ガウシェ病患者におけるエクソソーム由来マイクロRNAの発現プロファイルとその骨病変の重症度との関連性。
DOI:10.1002/jimd.70061
アブストラクト
骨の異常は、ガウシェ病(GD)患者において最も一般的な合併症の一つです。骨の異常は画像診断法を用いて評価され、その重症度を評価するための異なるスコアが存在します。しかし、これらの異常を予測できるバイオマーカーは存在しません。近年、複数のマイクロRNA(miRNA)が骨病変と関連付けられ、優れたバイオマーカーとして提案されています。本研究の目的は、GD患者から血漿エクソソーム中のmiRNA発現プロファイルを同定し、骨病変の重症度と関連付けることです。

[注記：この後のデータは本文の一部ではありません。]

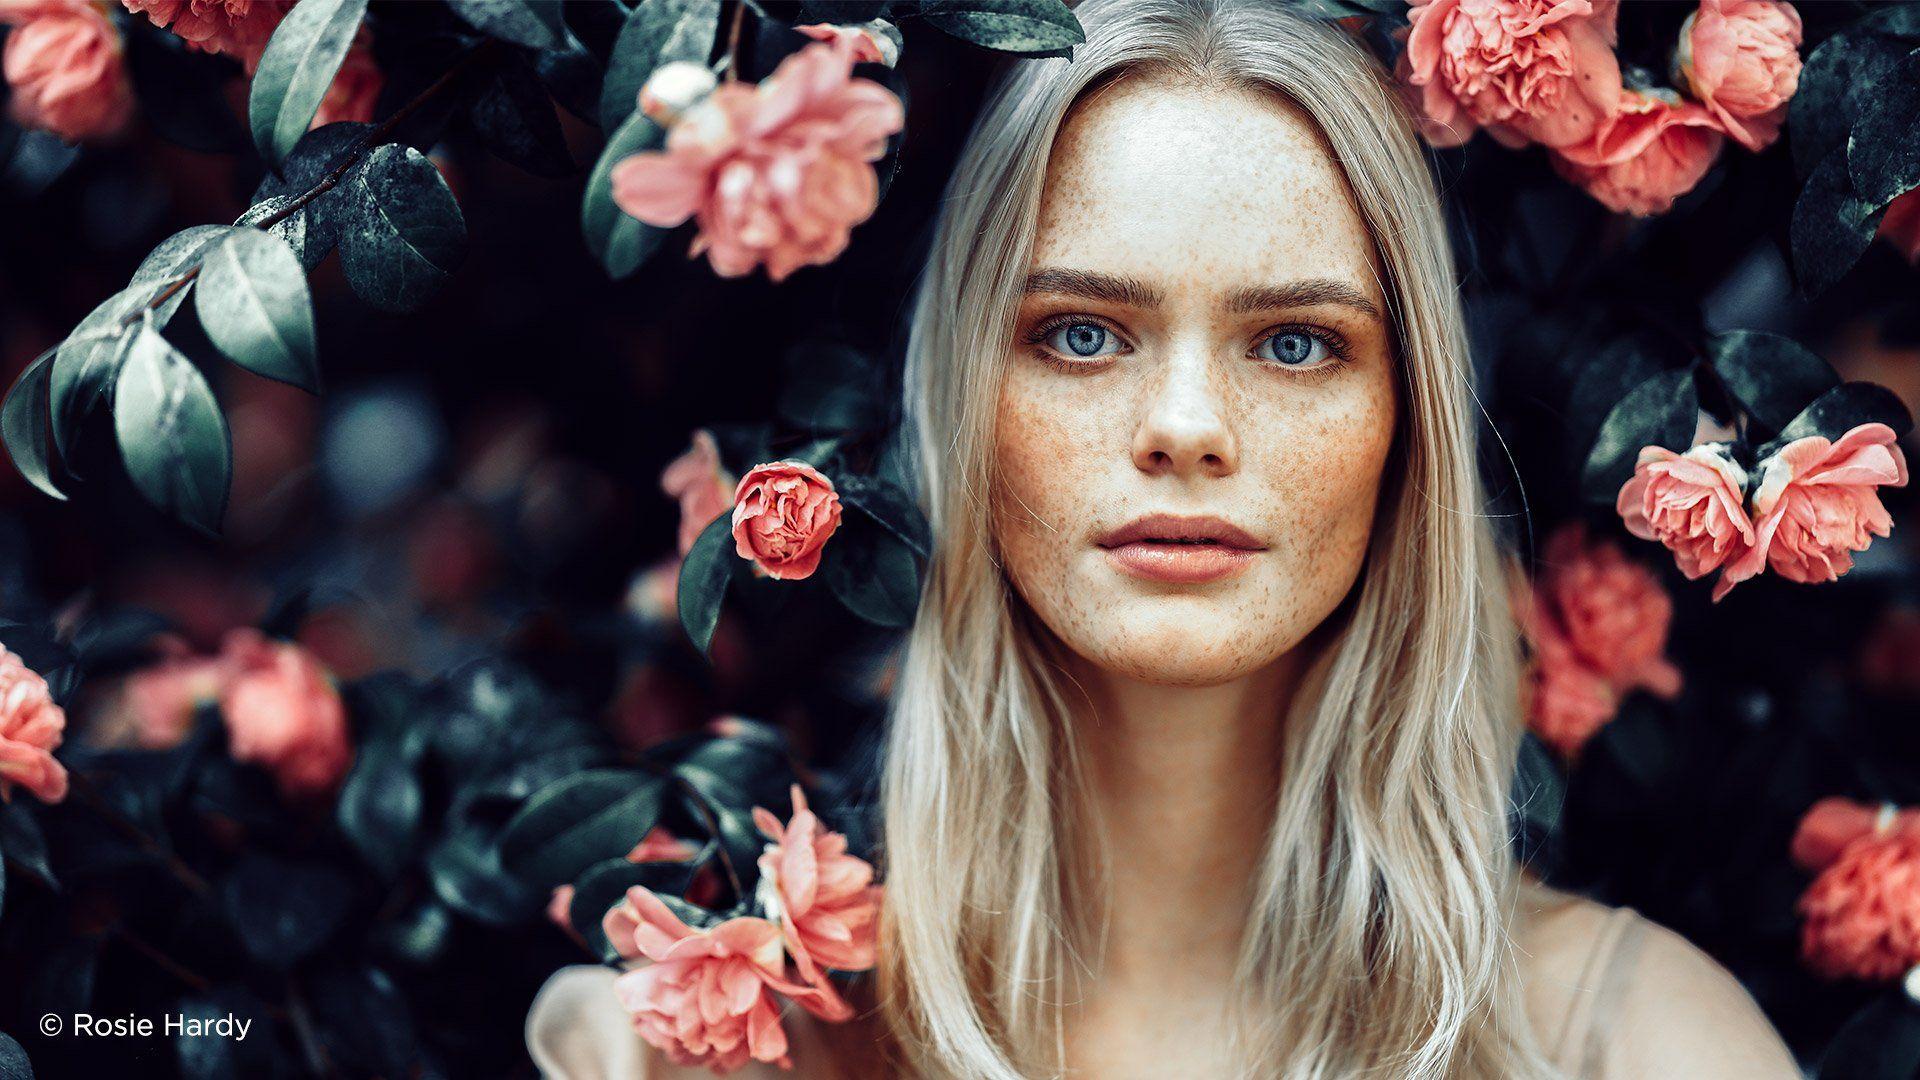 female_model_flowers_rf-85mm-f1-2l-usm_rosie_hardy_171541492177280.jpg
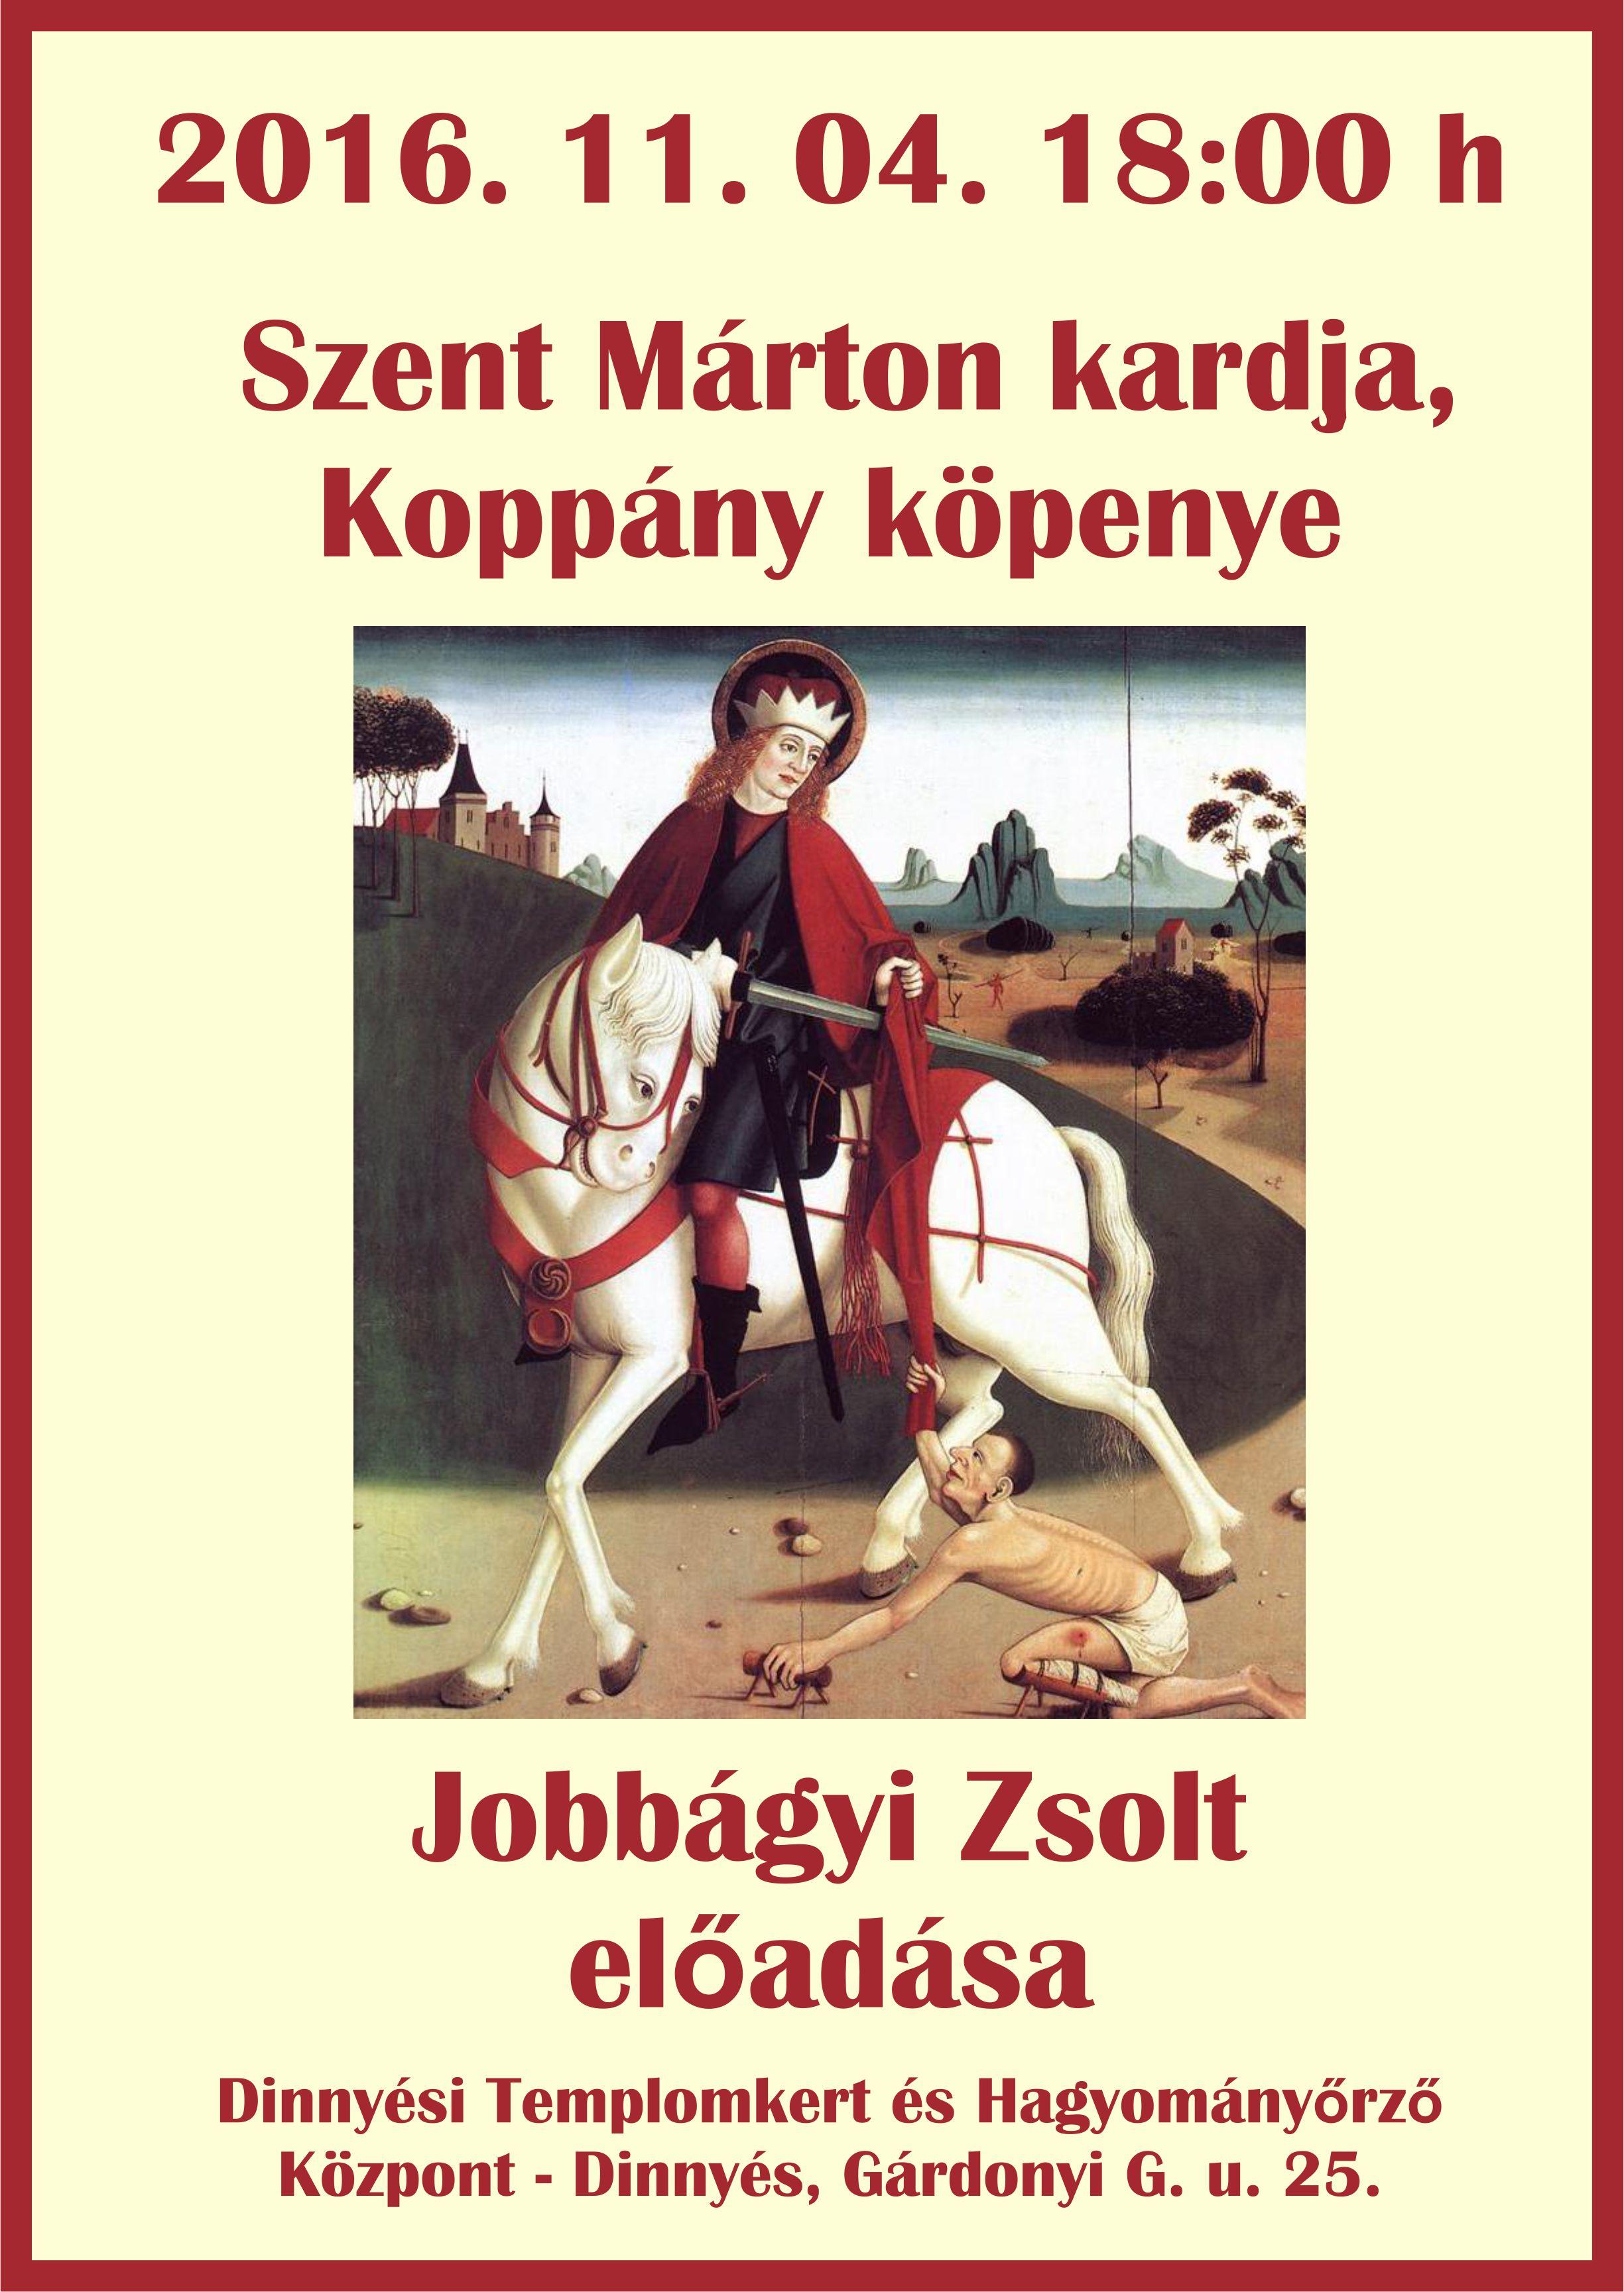 marton_kardja

本研究には、骨病変を有する未治療のGD患者60名が対象となり、S-MRIスコアに基づき3つのグループに分類されました:軽症(MiBD;S-MRI<5)、中等症(MoBD;S-MRI:5-11)、または重症(SBD;S-MRI>11)。血漿エクソソームを精製し、miRNAを抽出しました。(MiBD;S-MRI<5)、中等度疾患(MoBD;S-MRI:5-11)、または重症疾患(SBD;S-MRI>11)に分類されました。血漿エクソソームを精製し、次世代シーケンシング(NGS)技術を用いてmiRNAを抽出・同定しました。差動発現miRNAは、ドロップレットデジタルPCR(ddPCR)で検証されました。S-MRIスコアで分類された患者群の年齢の中央値(Q1-Q3)は、MiBD 19.0(4.00-40.00)、MoBD 40.5(28.25-56.00)、SBD 37.5(31.25-47.00)年でした。群間比較において、12の差異発現エクソソームmiRNAが同定されました。検証後、4つのmiRNAが差異発現として同定されました:hsa-miR-127-3p、hsa-miR-184、hsa-miR-197-3p、およびhsa-miR-660-5p。特に、hsa-miR-127-3p、hsa-miR-660-5p、およびhsa-miR-184は、梗塞の有無、壊死、および脊椎、骨盤、大腿骨への浸潤の程度と相関していました。これらの3つのmiRNAは、GDにおける骨疾患の評価に役立つバイオマーカーとして機能する可能性があり、より多くの患者を対象とした再検証が望まれます。